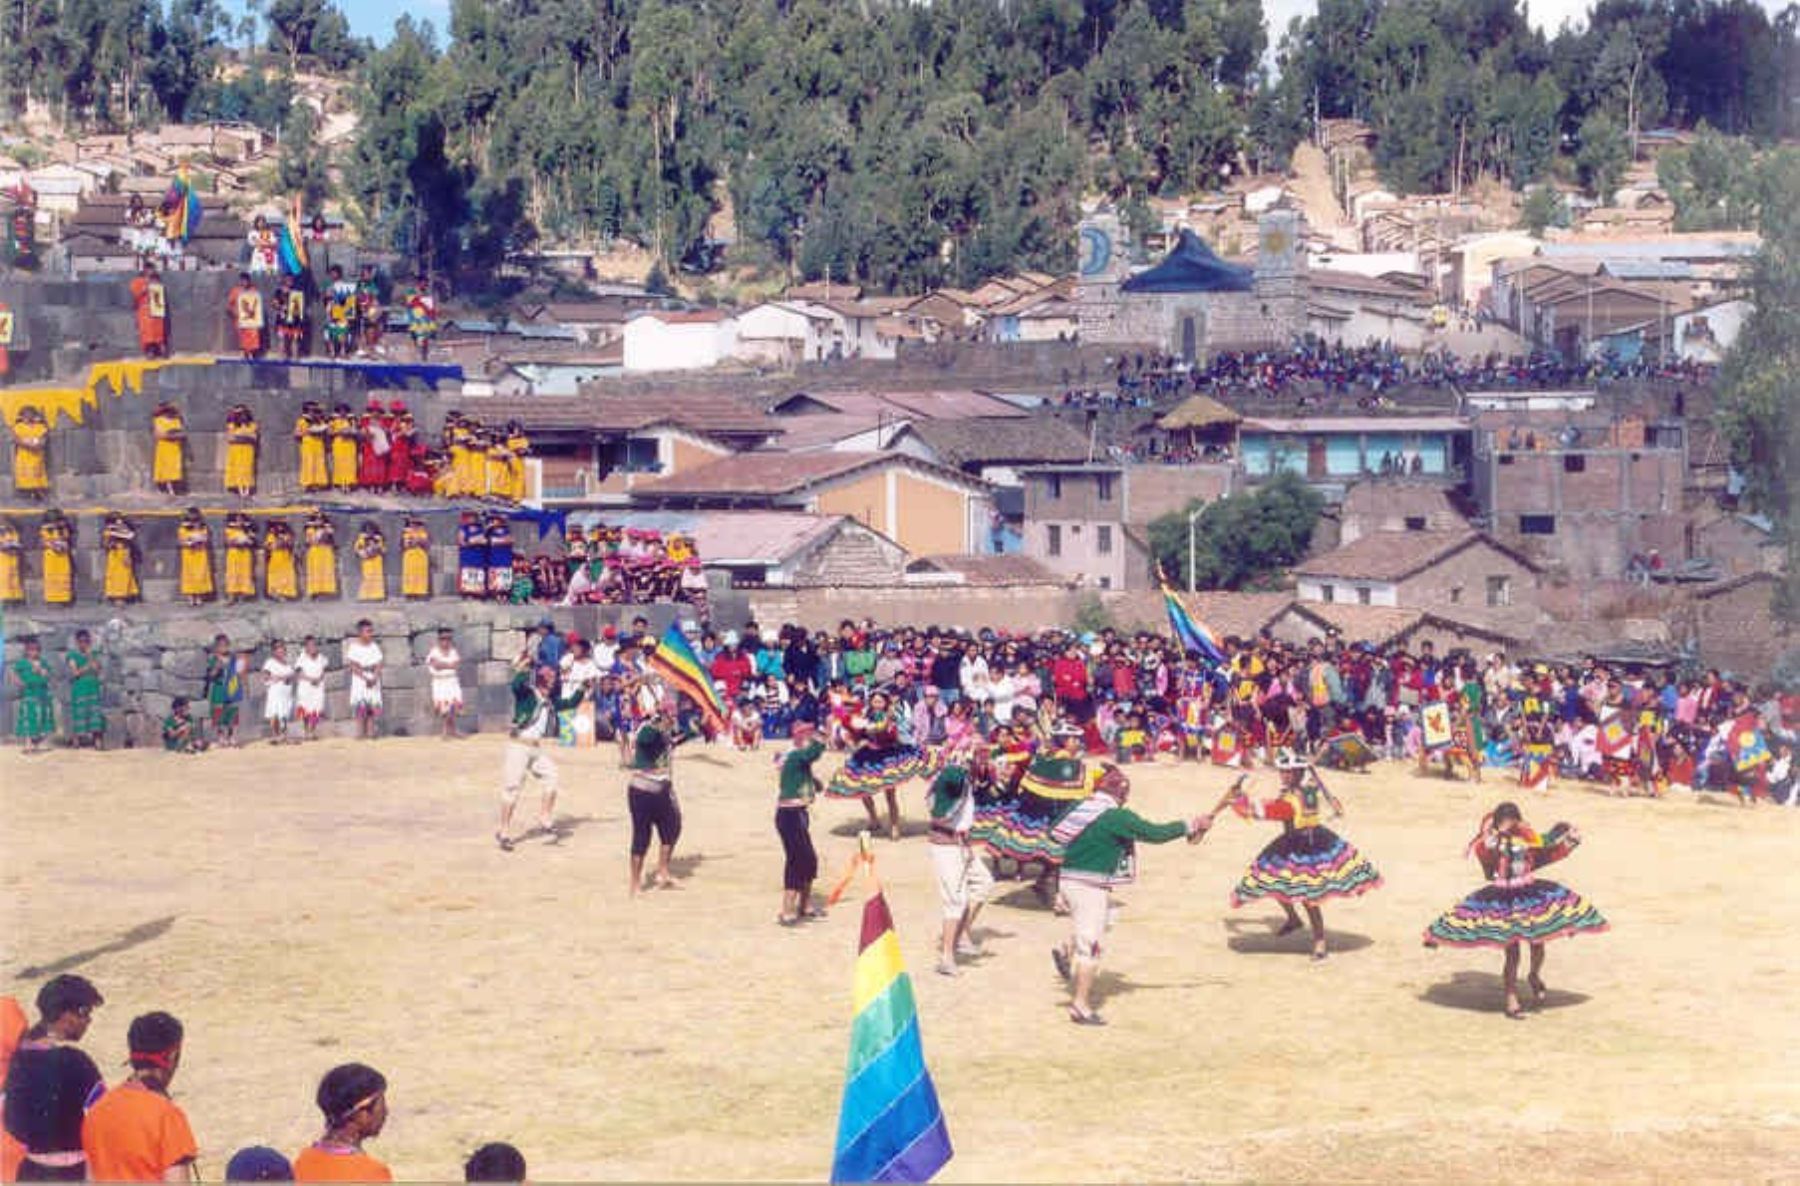 The Vilcas Raymi Festival
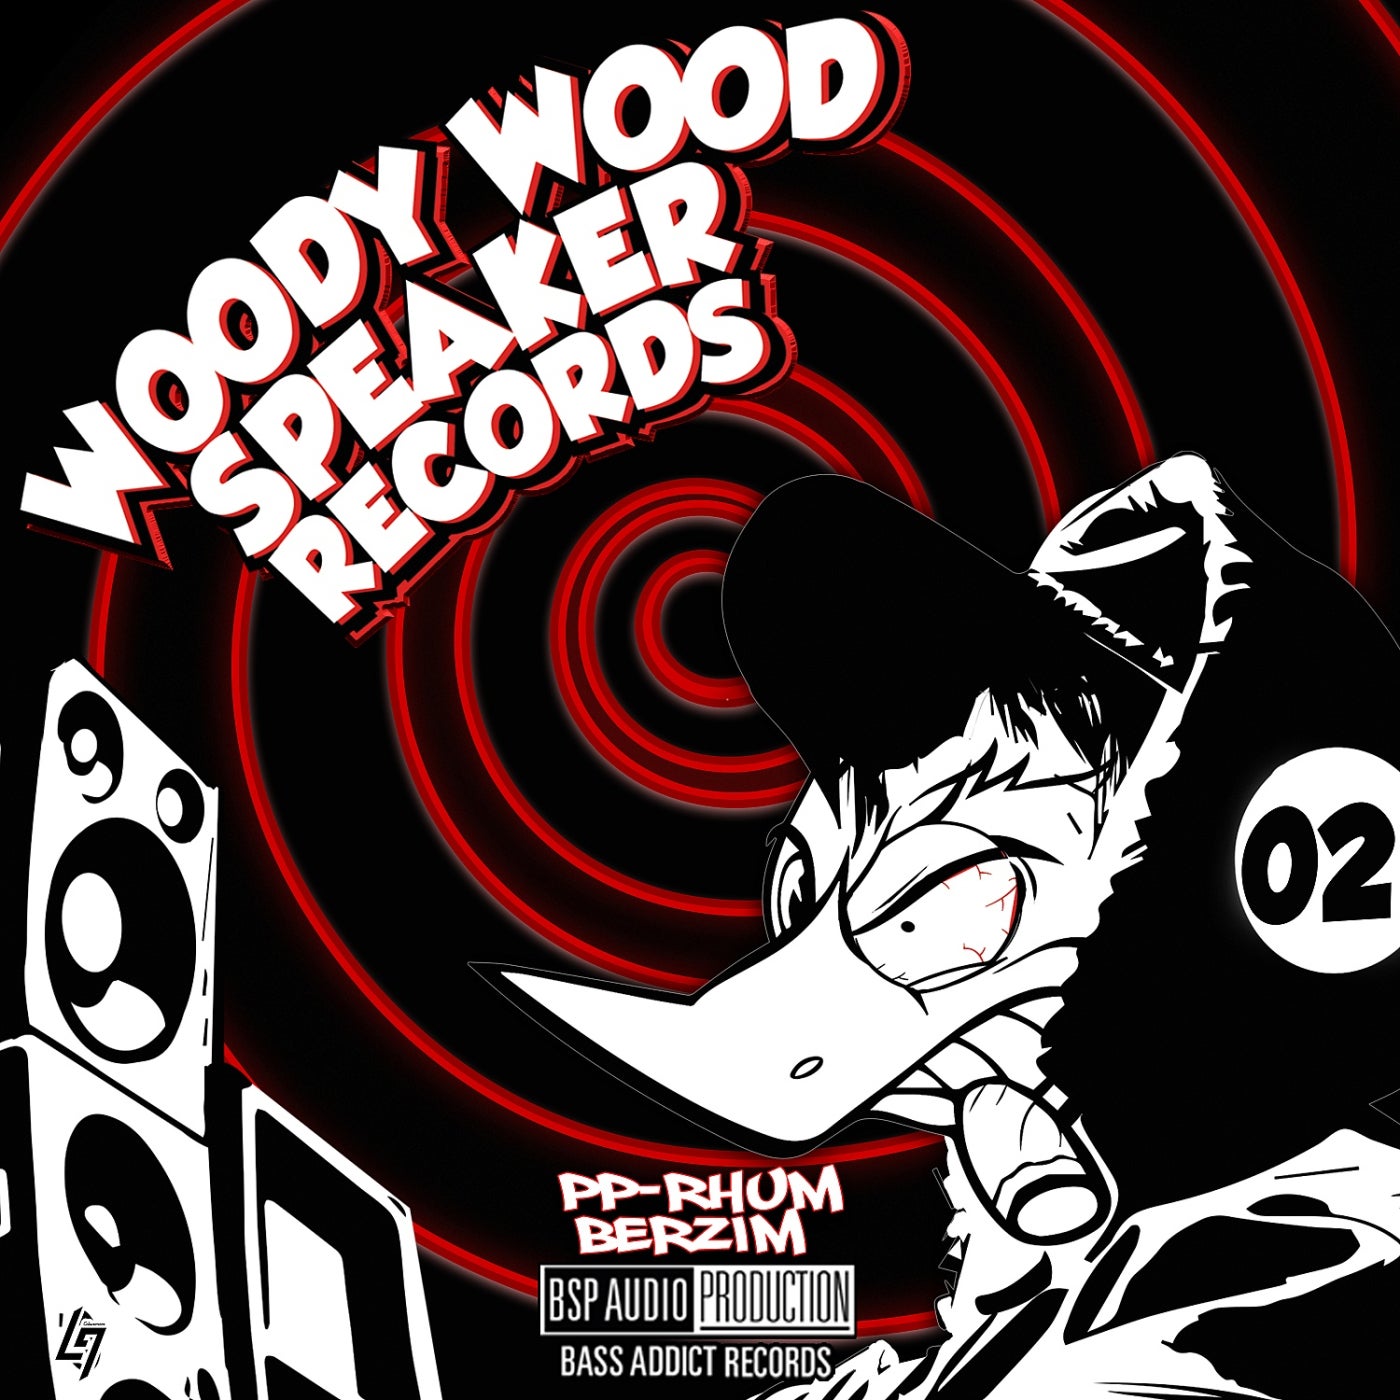 Woody Wood Speaker Records 02
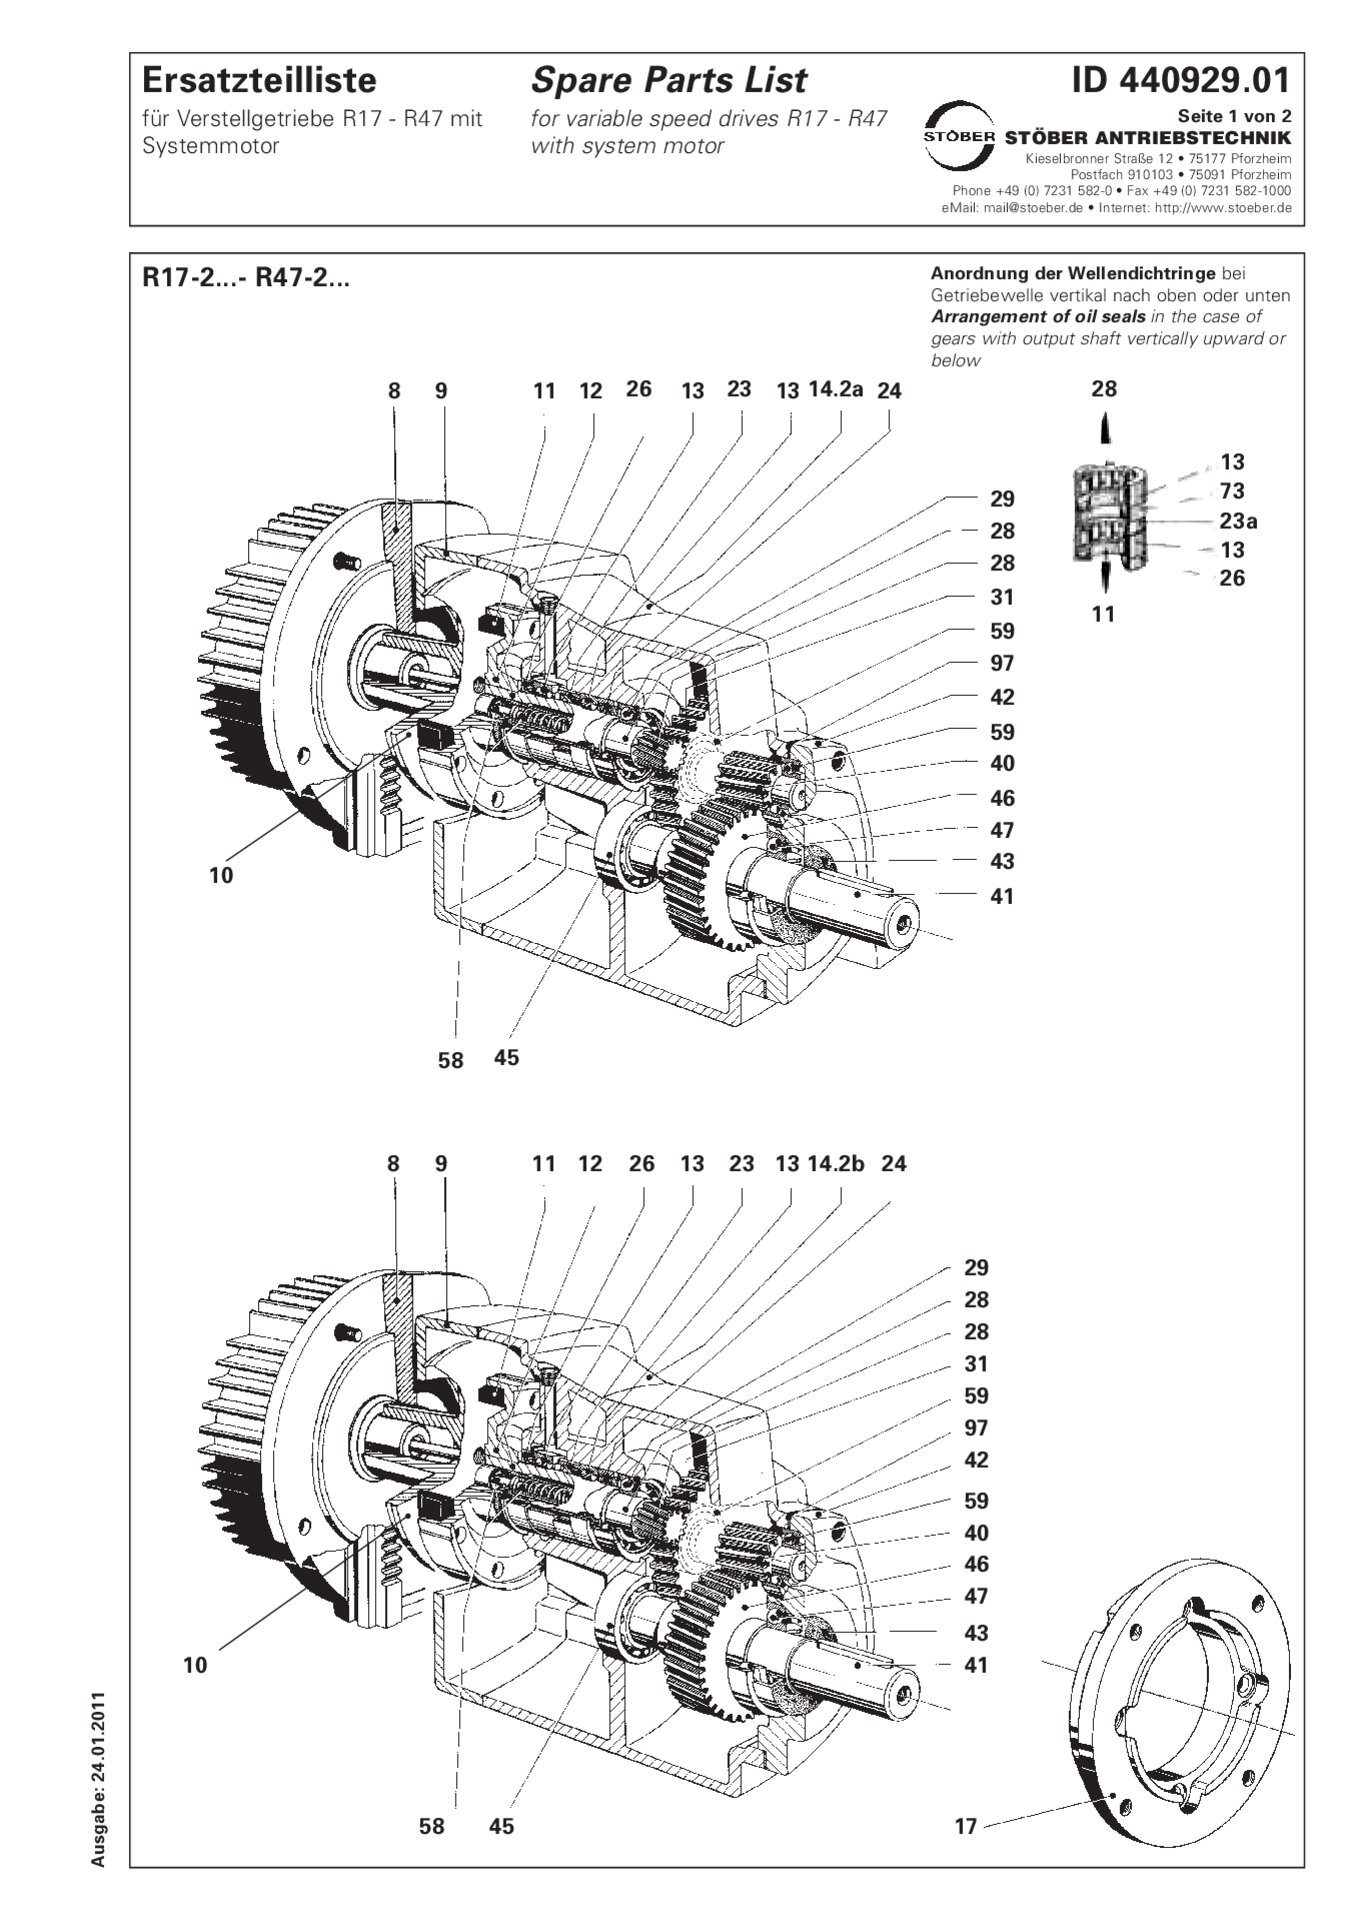 Listino dei pezzi di ricambio R17-2/R27-2/R37-2/R47-2 con motore di sistema

* * * * * * * * *

Brief
Only the lines from the one holding "Woody Wood Speaker Records 02" through the end of the data are to be printed, exactly as they stand and with no pictures.

Exercise answer
 Woody Wood Speaker Records 02
 Listino dei pezzi di ricambio R17-2/R27-2/R37-2/R47-2 con motore di sistema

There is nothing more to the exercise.